Heinrich is also refreshingly blunt on the subject of men, women, and female choice, hypothesizing that the feminids of old chose for their mates the hominids who were successful hunters, a hypothesis that might not agree with some feminist theory, but would certainly apply to women in a hunter/gatherer society. Heinrich assumes that our female ancestors did not hunt any more than do modern hunter/gatherer women, but instead chose as sexual partners the men who hunted successfully, or who looked as if they could, thus determining the physical attributes of our species. Heinrich seems aware that his hypothesis about women minding children while men hunt is daringly reminiscent of the barefoot-and-pregnant role once allocated to women. He is careful to include the fact that hunter/gatherer women, by collecting edible plants, provide more food for their groups than do the hunters. Even so, Heinrich says, women crave meat and are ready to reward those who provide it, and

division of labor, though perhaps currently not politically correct, is an ancient tradition with deep biological roots. And there is nothing wrong with diversity, either between people or between sexes…. If “man” is the hunter, then it is because women permitted or selected him to be. They are the other half of the same man-the-hunter syndrome.

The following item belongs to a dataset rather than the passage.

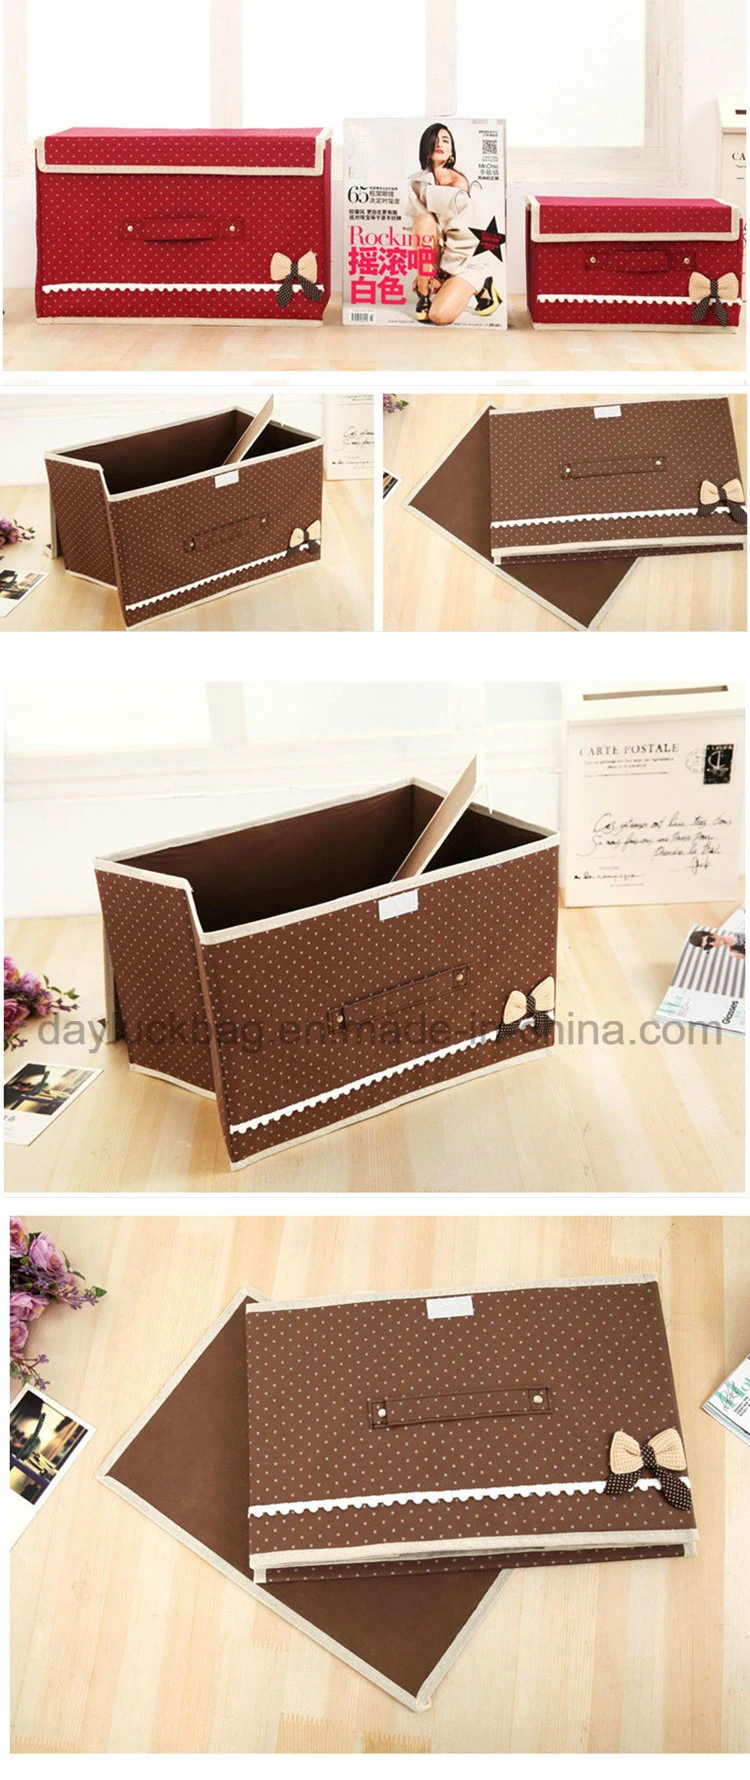 Large Foldable Storage Box with Lid for Bed Room or Living Room
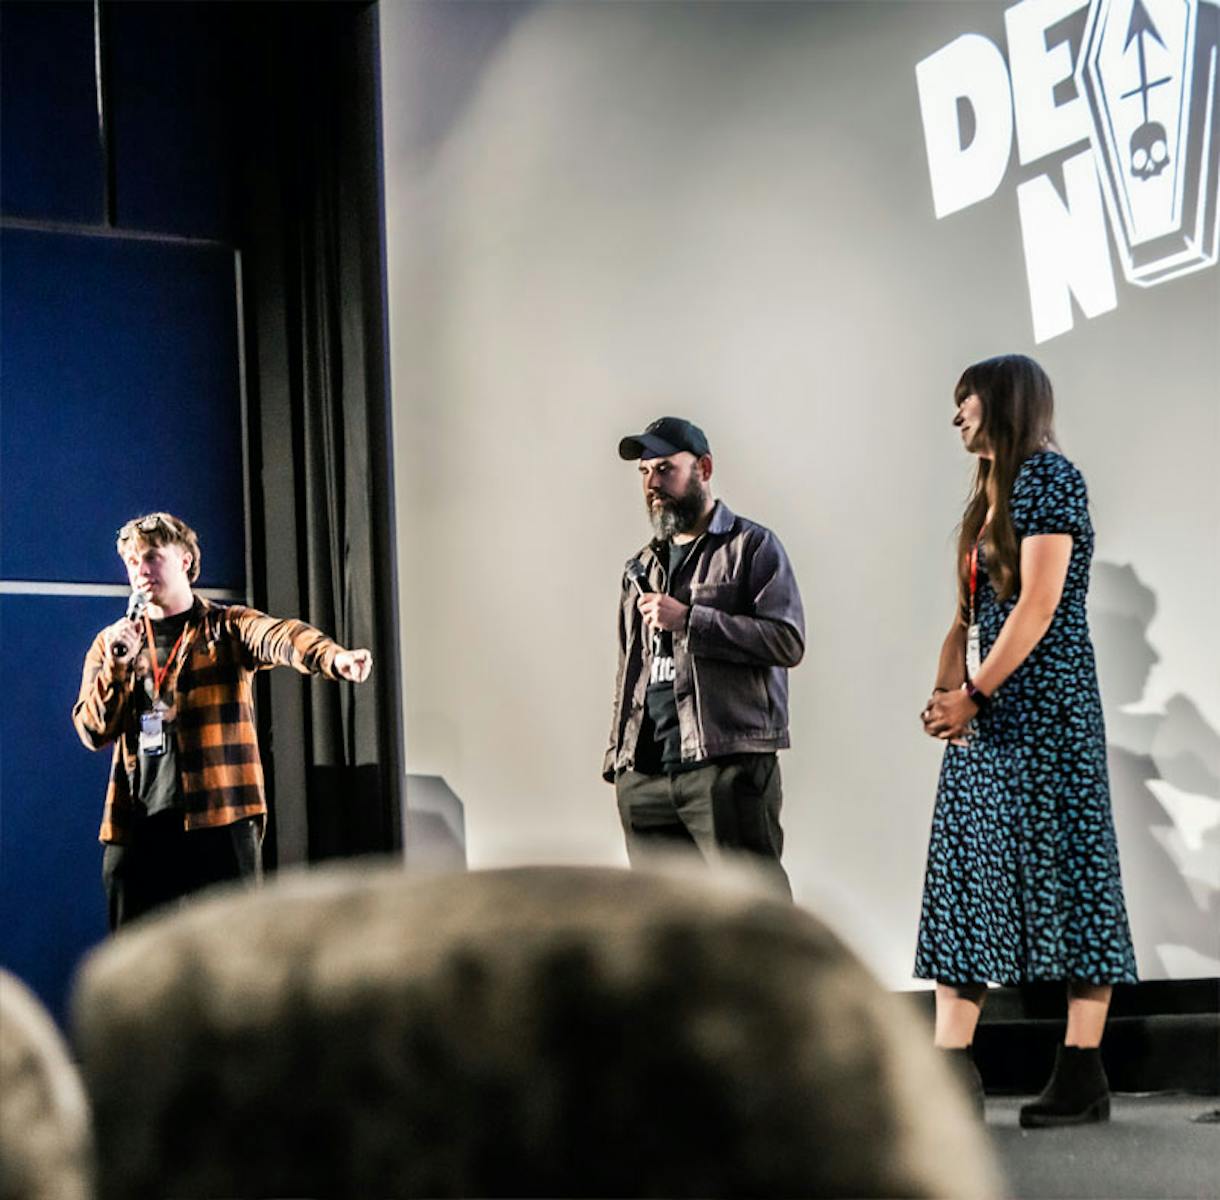 Live Q and A for Screening of Eating Miss Campbell with Liam Regan, Lyndsey Craine and Danny Naylor at Dead Northern 2022

Heinrich’s early love of running, plus his knowledge of physiology and his hard-won ability to endure, helped him to prepare himself so successfully as a long-distance runner that in 1981 he ran the North American 100-kilometer championship race in Chicago in six hours, thirty-eight minutes, and twenty- one seconds, crossing the finish line an astonishing three quarters of an hour ahead of the next runner, and beating the previous record by thirteen minutes. He describes in detail the calculations involved in getting his body to cooperate before and during the marathon:

I’ll not be trying to outsprint an antelope. If I tried to be too brave, I’d overreach. I’d blow up. I’d end up a casualty alongside the path. Once you speed up to the point that you’re breathing hard, you dip too deeply into the carbohydrate stores, and possibly pass the anaerobic threshold, when lactic acid is produced faster than your metabolic and cardiovascular systems can get rid of it. Lactic acid is like sand accumulating in the gears of a car that soon bring all to a grinding halt. Don’t speed up, don’t slow down, and above all, never stop…

It is hugely to our benefit, however, that Heinrich is able to explain his triumph not as a matter of personal macho but in a larger perspective. He was able to win because, like certain speedy dinosaurs, cockroaches, and Jesus lizards, he is bipedal; because he is a mammal who sweats and insulates his brains with hair; because he can sustain a dream of victory throughout a long and difficult ordeal; and because our ancestral feminids chose fast-running, antelope-chasing, meat-producing hominids to father their children. His attitude will appeal to anyone who wants to learn about the biology of running, or wonders how we human beings fit into the natural world.